Climate study, funded in part by conservative group, confirms global warming
The latest global warming results confirm those from earlier, independent studies by scientists at NASA and elsewhere that came under fire from skeptics in an episode known as 'climategate.'
The footnote of the article that was linked said:[Editor's note: The original headline was changed to correct an inaccuracy about who funded the new climate study. Moreover, the original headline inferred that the Charles Koch Charitable Foundation may not have funded the research if it had known what the outcome would be, although there is no indication that is the case.]
As I say every time this comes up... the crux for those who actually debate the issue intelligently has not been "is it getting warmer?" That's acknowledged by anyone who's even done a smattering of casual research. Where the controversy lies is as to whether it is anthropogenic. Whether it's getting warmer as part of a natural cycle, or what if any discernible contribution mankind is making.The Article said:The work makes no attempt to attribute the rising temperatures to any particular cause.
Dear god, according to board witticisms, it's 2006! Quick!
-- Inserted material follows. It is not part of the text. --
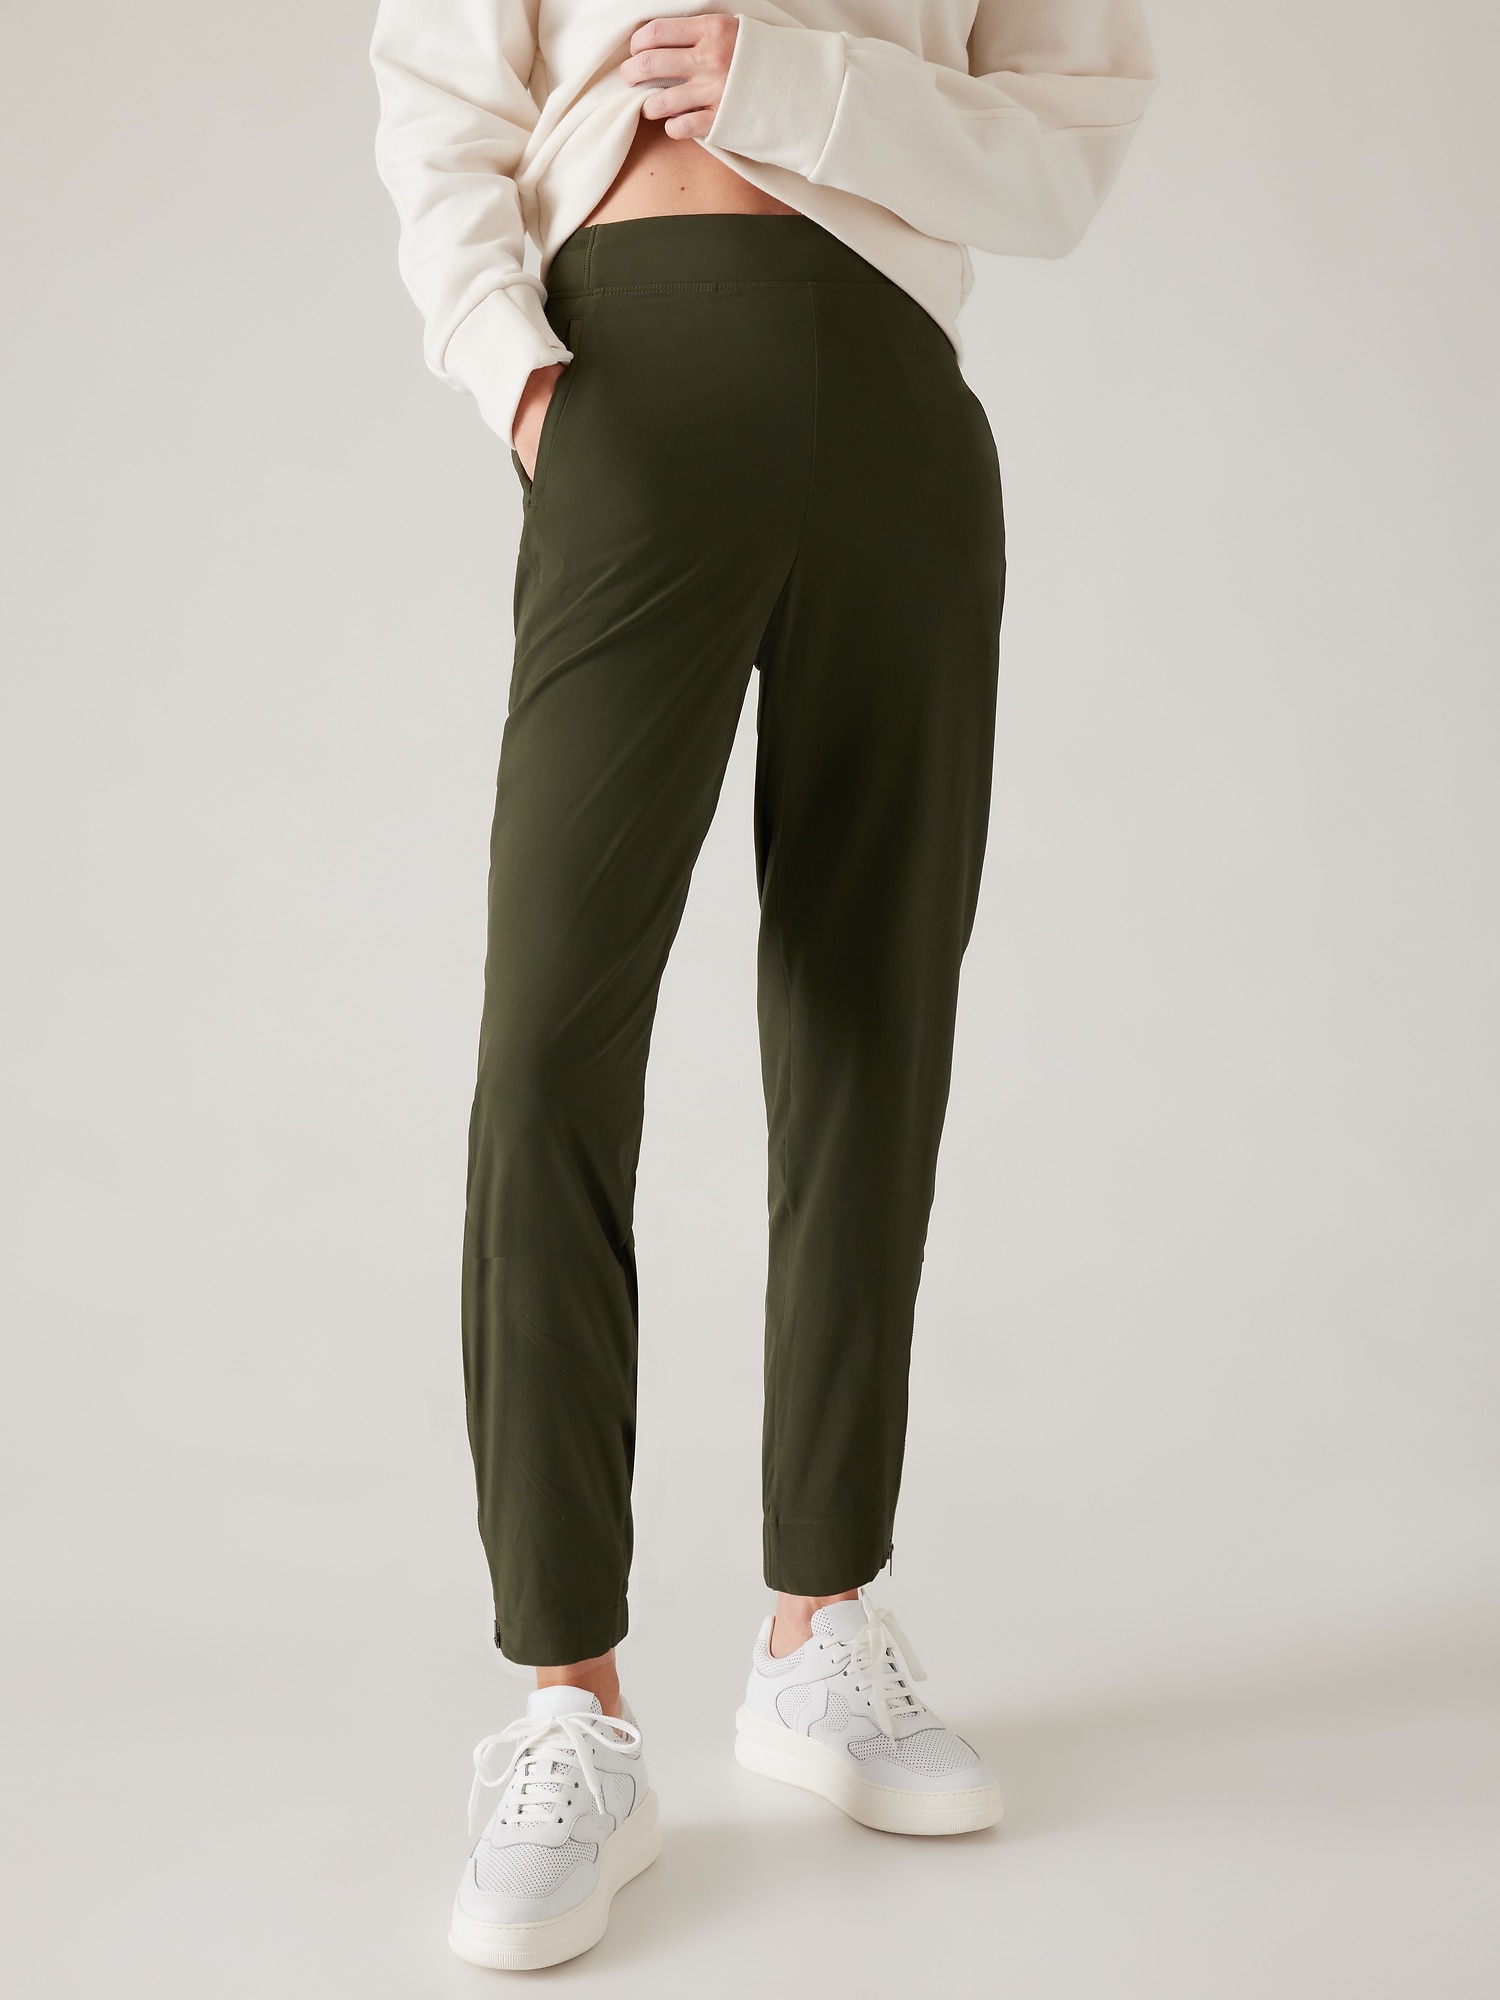 Athleta Olive Green Women's Pants With Zipper Pockets & Legs Size

Sell my stock before the crash!Reality has a liberal bias.
Yes Gas, we all remember when you stopped saying the warming isn't real and started saying that maybe it's not because of humans...
It's still funny!
And it was done because of the climategate (they really needs to stop with the gate thing already btw) thing...
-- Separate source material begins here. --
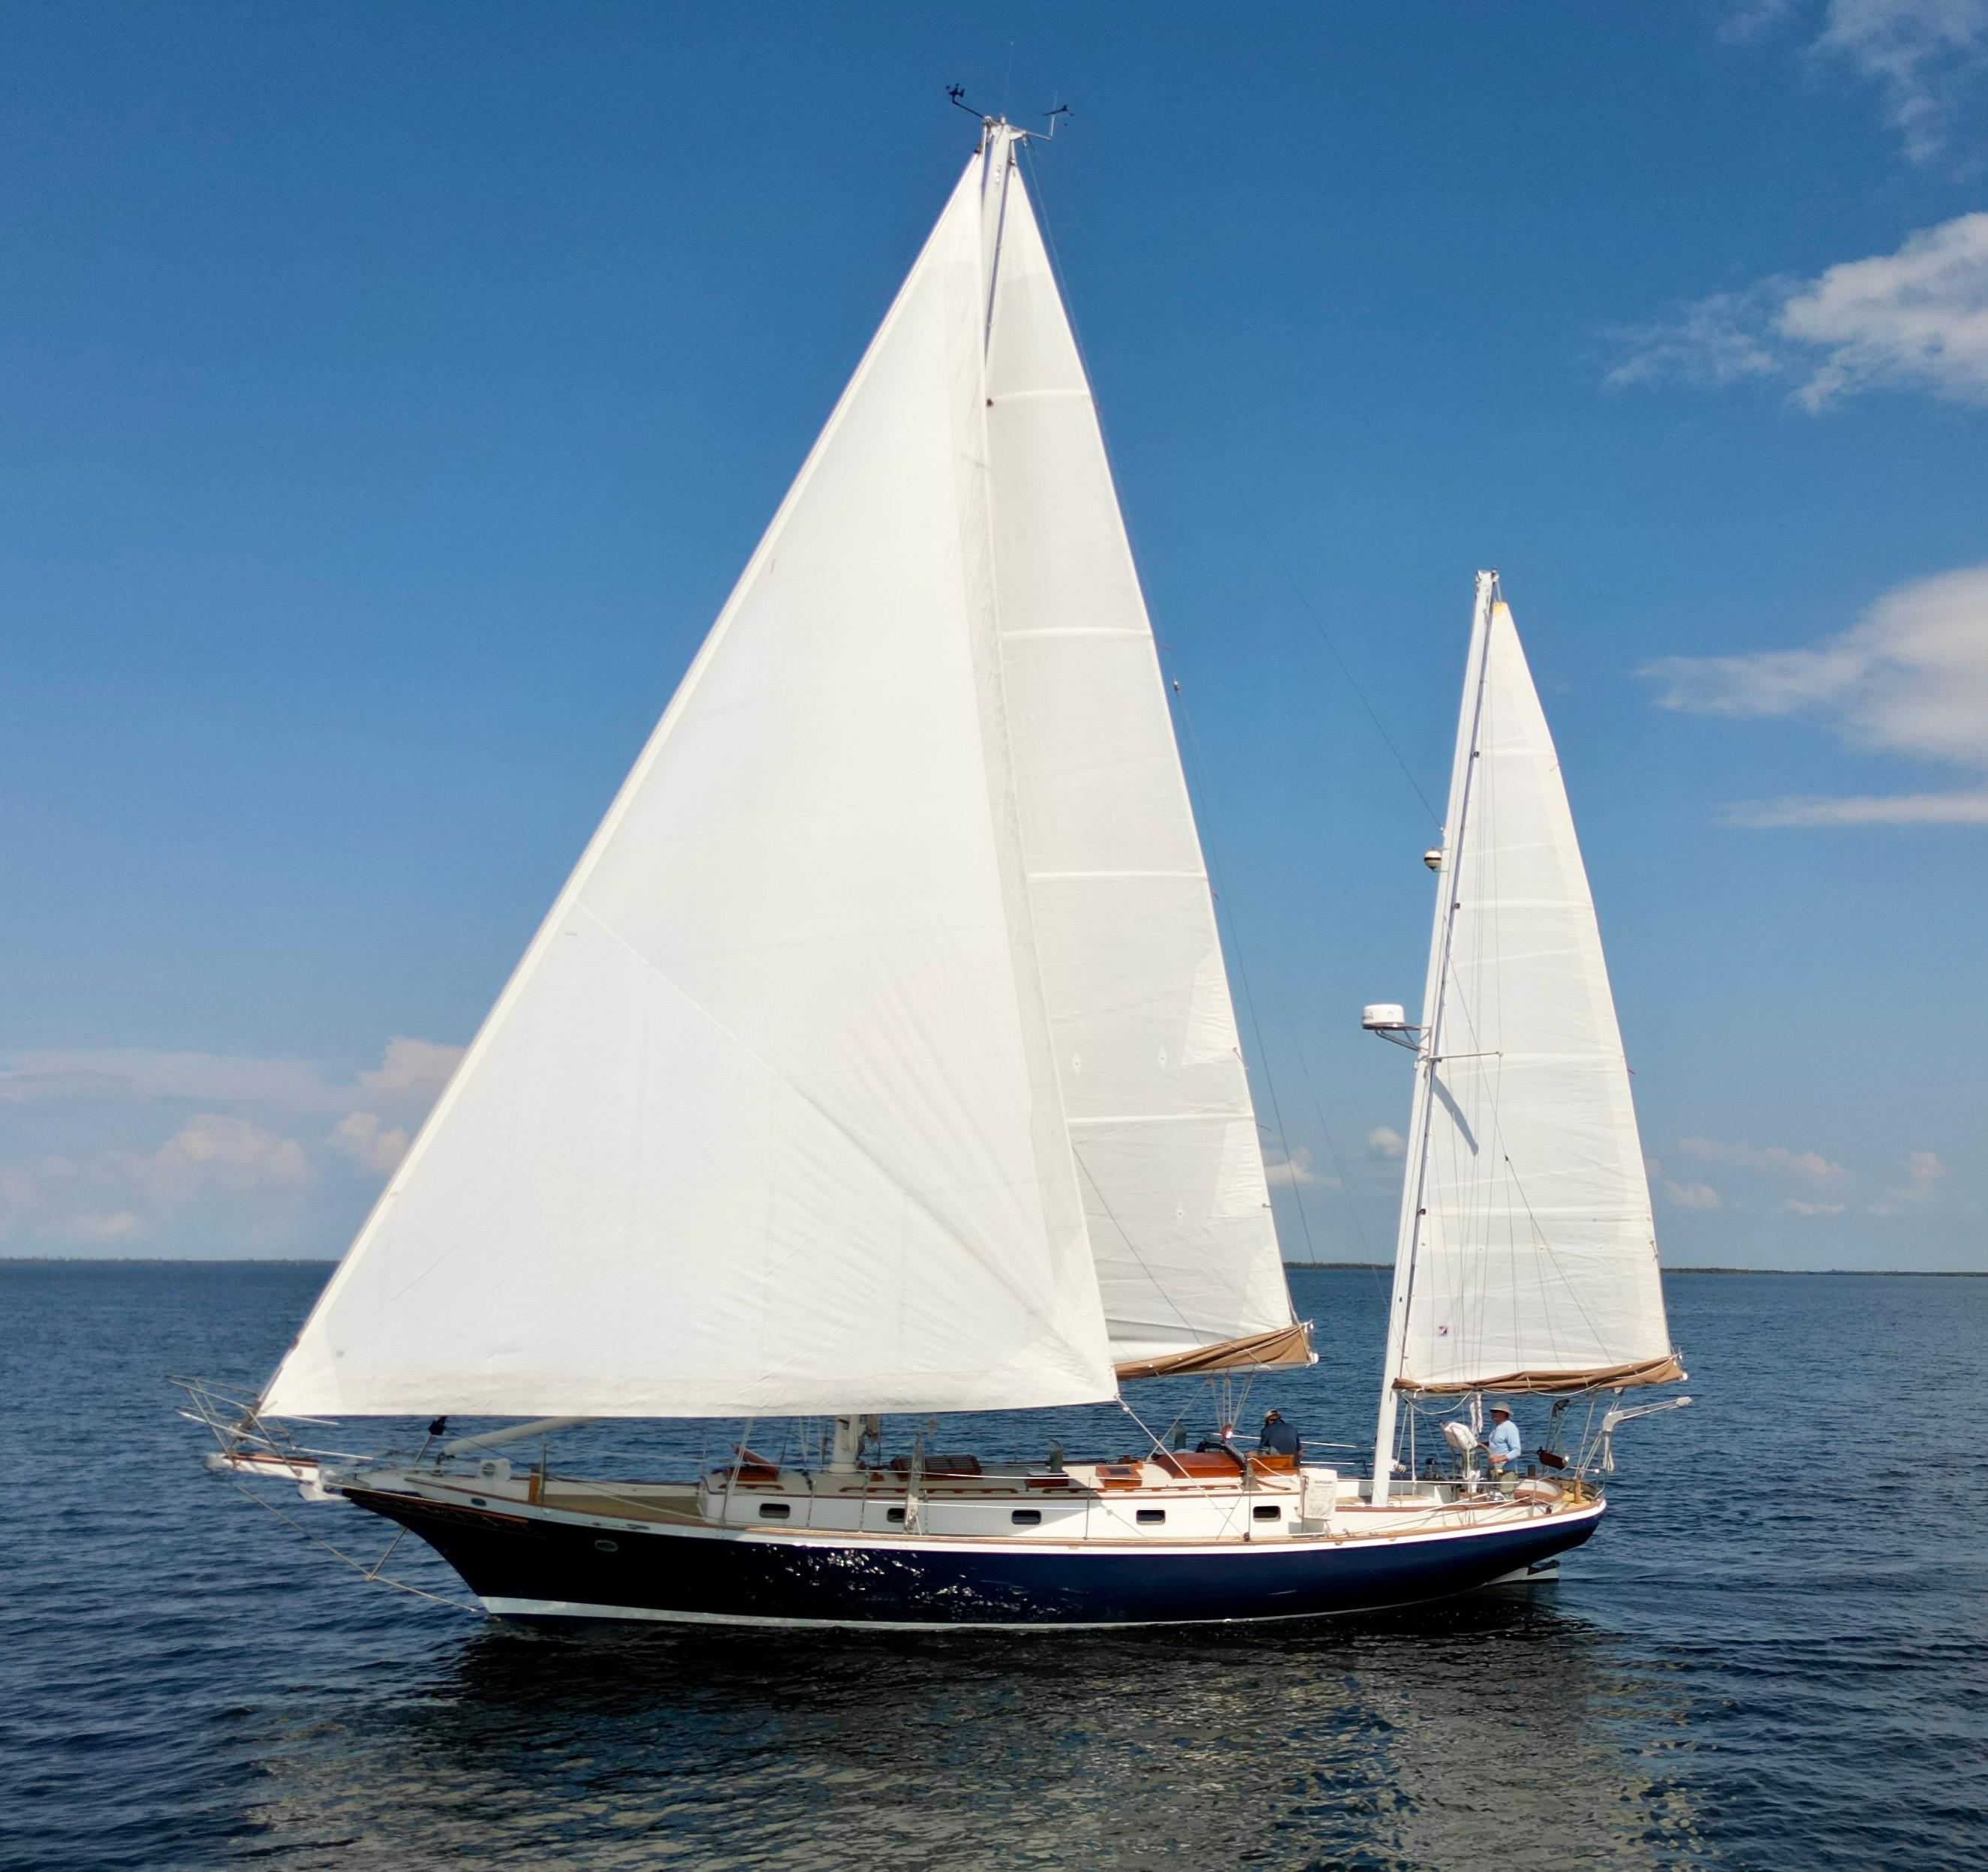 2018 Hanse 548 54' Yacht For Sale, CATALYST

Does the phrase "Are our SUVs causing global warming on mars too? Because it's getting warmer there as well" sound familiar? Because I'm pretty sure I say it every time this comes up. You guys just attribute every argument you hate to me. You'd think I'd be used to it by now.You can keep changing your arguments all you want, Gas. It won't make you correct.
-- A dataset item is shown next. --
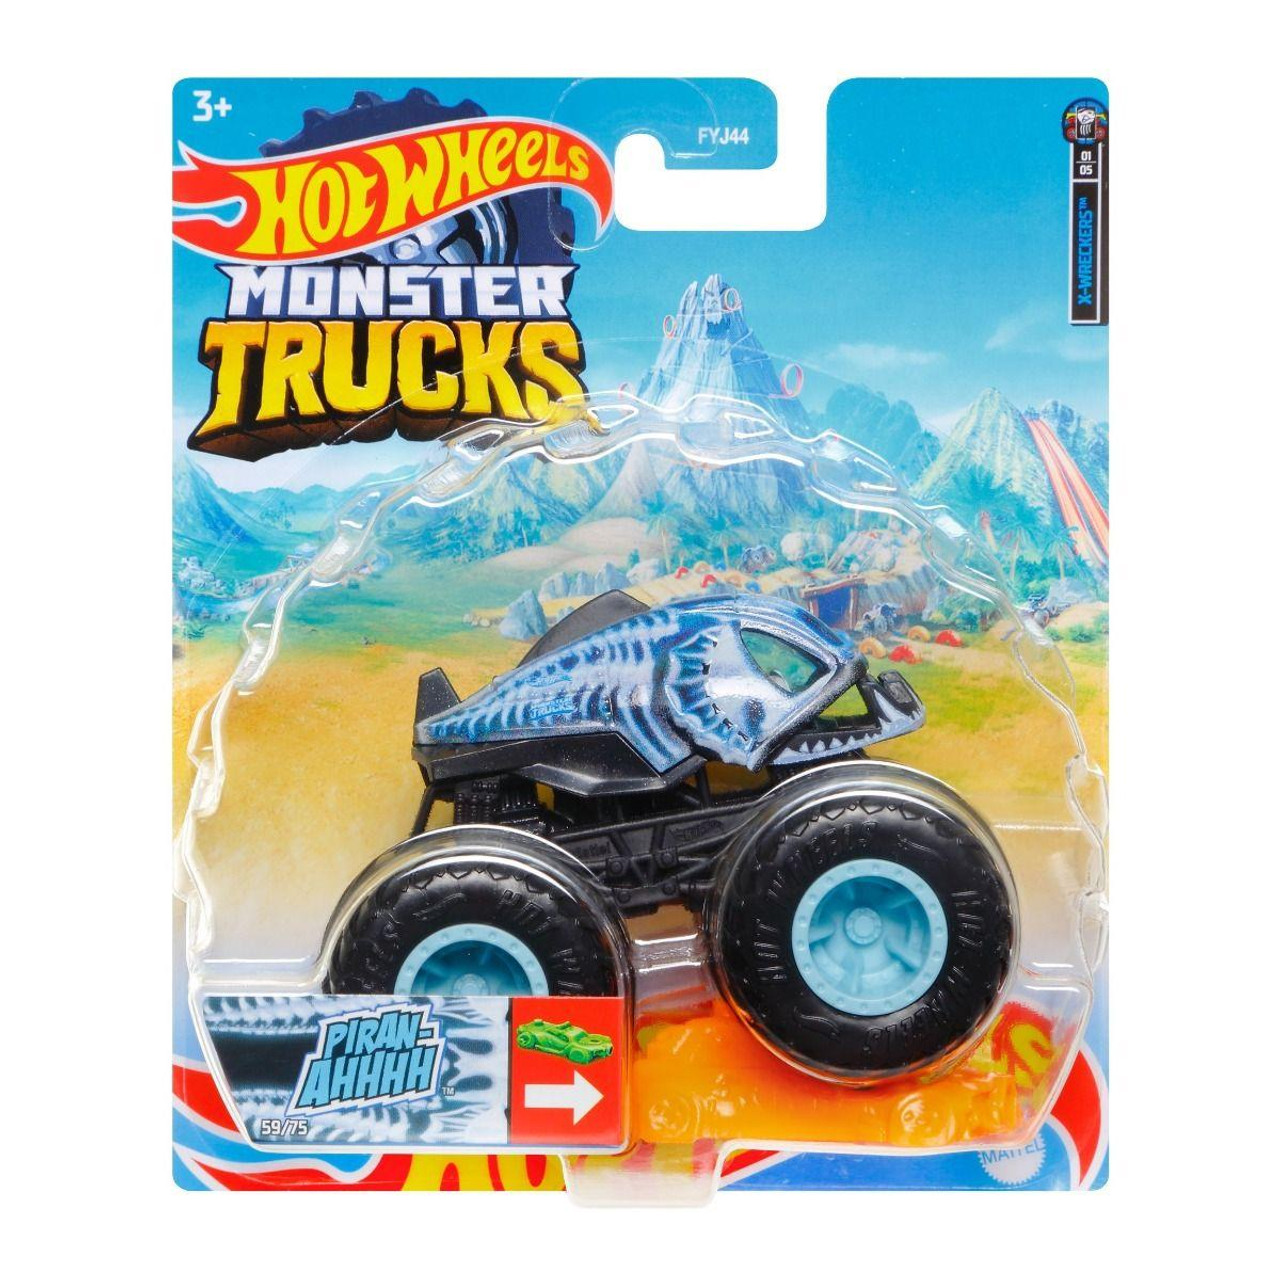 Hot Wheels Monster Trucks Oversized Teenage Mutant Ninja Turtles

I want to specifically "like" this comment. The Stop Global Warming message is not something that is going to connect with people because they respond to local interests more immediately than to global ones. It is a method of screaming one message over and over in the hopes that people will be change. The Global Warming advocates have no sense of how to actually change people's behaviors. Show people how their own towns are being polluted in the air and water and they will get more involved.I've said all along anyway that it really doesn't matter if it's anthropogenic in origin or not. There are like a billion other, more obvious reasons to regulate the release of that stuff into the environment, almost making the climate change argument moot.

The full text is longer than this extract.